Analysis of Heap Performance in Different OSs The heap is the primary storage for variable-sized memory blocks in modern operating systems and virtual machines. Allocating a slice of bytes in the heap and then releasing it back is a time-consuming operation, requiring several hundred CPU cycles. However, the exact number of cycles it takes to allocate and free memory chunks in different virtual machines and OSs remains unclear. We suggest studying this subject, performing experiments on a sufficiently large number of testing platforms, summarizing and analyzing the results, and then publishing a research paper. Such an analysis might assist creators of programming languages and compilers in making better design decisions.
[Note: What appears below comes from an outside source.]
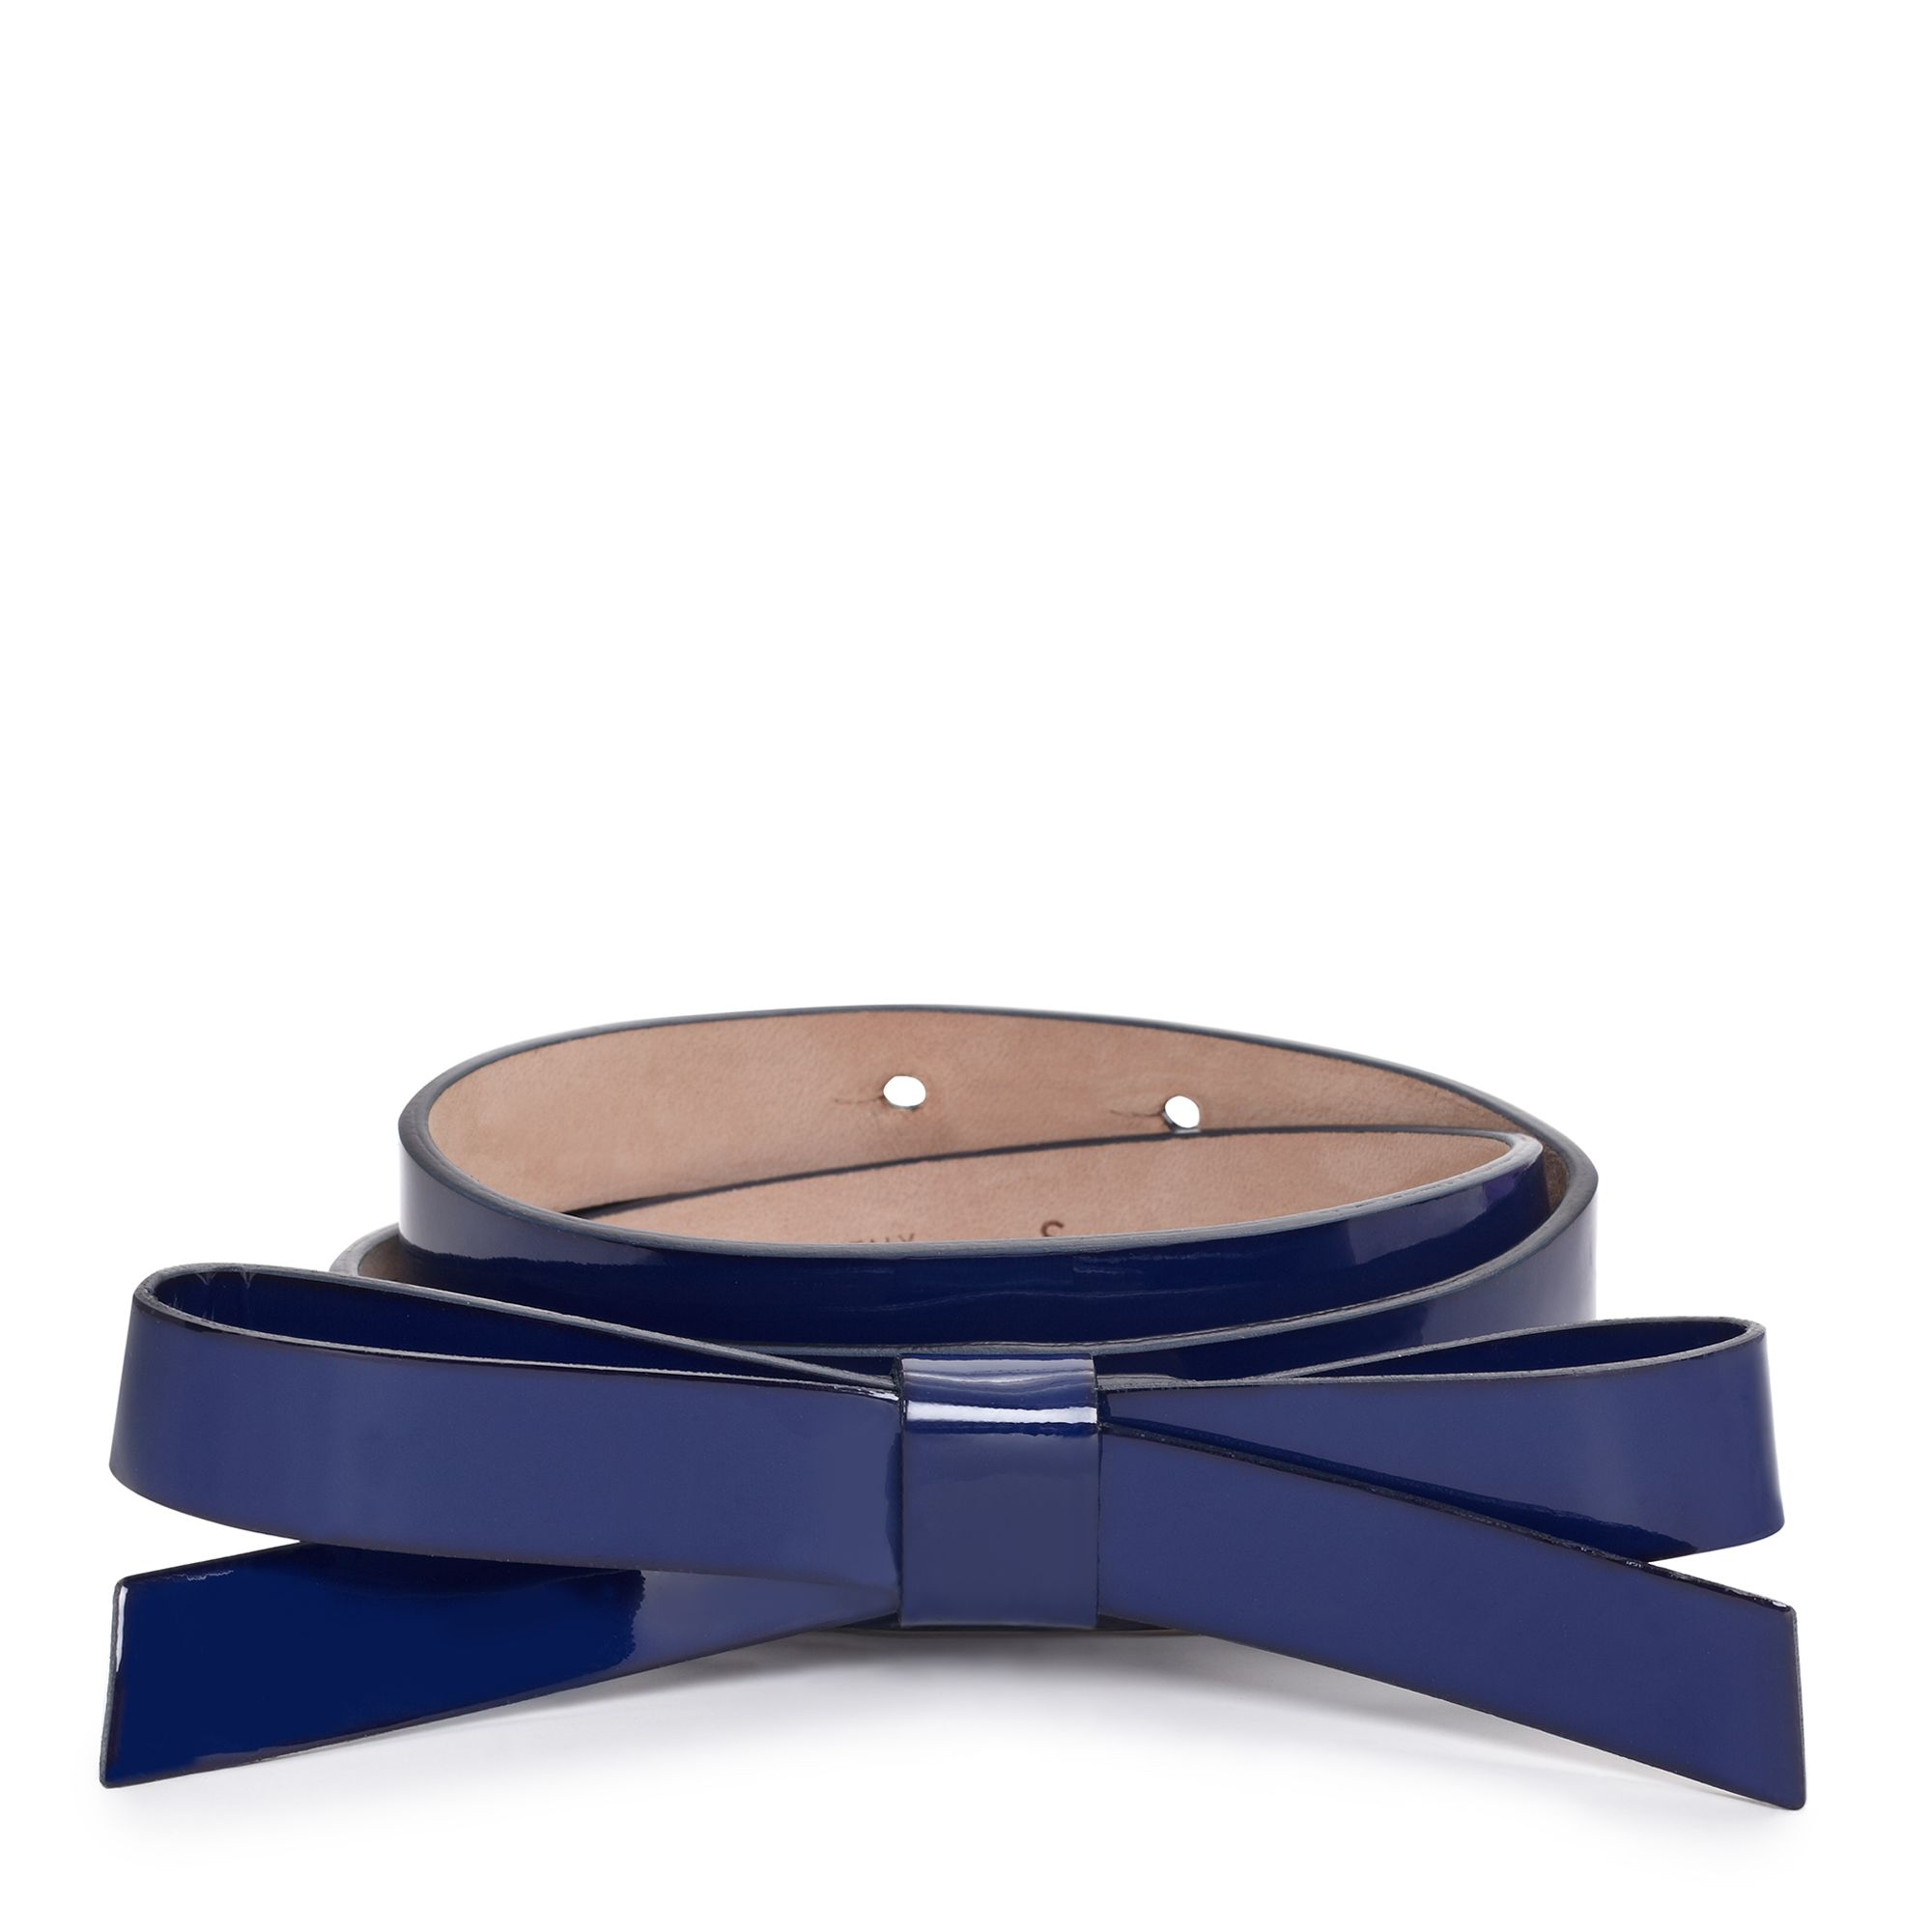 Kate Spade Bow Belt - Cobalt Blue

Encapsulation Strategy in Design Patterns In object-oriented programming, many design patterns are recommended for use. It’s commonly believed that if programmers adhere to these patterns in their code, the code quality will improve due to clearer design. We hypothesize that most design patterns emphasize the encapsulation of behaviors rather than data. In other words, the objects participating in design patterns are typically “dataless” objects. We propose studying this subject through a Systematic Literature Review (SLR) of existing literature on design patterns, aiming to either confirm or refute our hypothesis. The results of our research might be useful for compiler and programming language designers, prompting them to treat objects differently if they are dataless.
Study Programmers’ Preferences for Object Extensions In object-oriented programming, additional functionality can be added to classes using inheritance, decoration, composition, or by simply expanding existing classes with new code or methods. It is commonly believed that most programmers, especially those with over 10 years of practical coding experience, prefer decoration or composition, as these methods typically result in superior design. To validate this assumption, we propose conducting a survey among a sizeable group of programmers. We’ll present them with various code snippets and ask them to choose a method for modifications. The findings from our research might offer insights to designers of new programming languages about programmers’ perceptions of OOP.
Cost of OOP in Different Languages Earlier studies by various researchers and practitioners have indicated that object-oriented programming features, such as encapsulation and polymorphism, are more performance-intensive compared to their procedural counterparts (like static methods and global variables). However, a direct comparison between programming languages has not been undertaken. We propose such a comparison to determine in which object-oriented programming language programmers incur the highest performance cost for using the object paradigm. The results of this research might assist other researchers in better understanding the practical usability of object-oriented programming.
A few more topics you can find in objectionary/ideas repository, they are all related to EOLANG.
You may also pick one of our open source projects, and extend it with a new feature, presenting this work as engineering+science:
- rultor (Java, Docker, AWS, XSL)
- qulice (Java, AST, XML)
- takes (Java, HTTP)
- cactoos (Java)
- jpeek (Java, XSL)
- zold (Ruby)
- micromap (Rust)
In each of them, there are over a hundred unresolved issues and pull requests. I can help you figure our how to formulate your coding contribution such that it would look like a diploma work.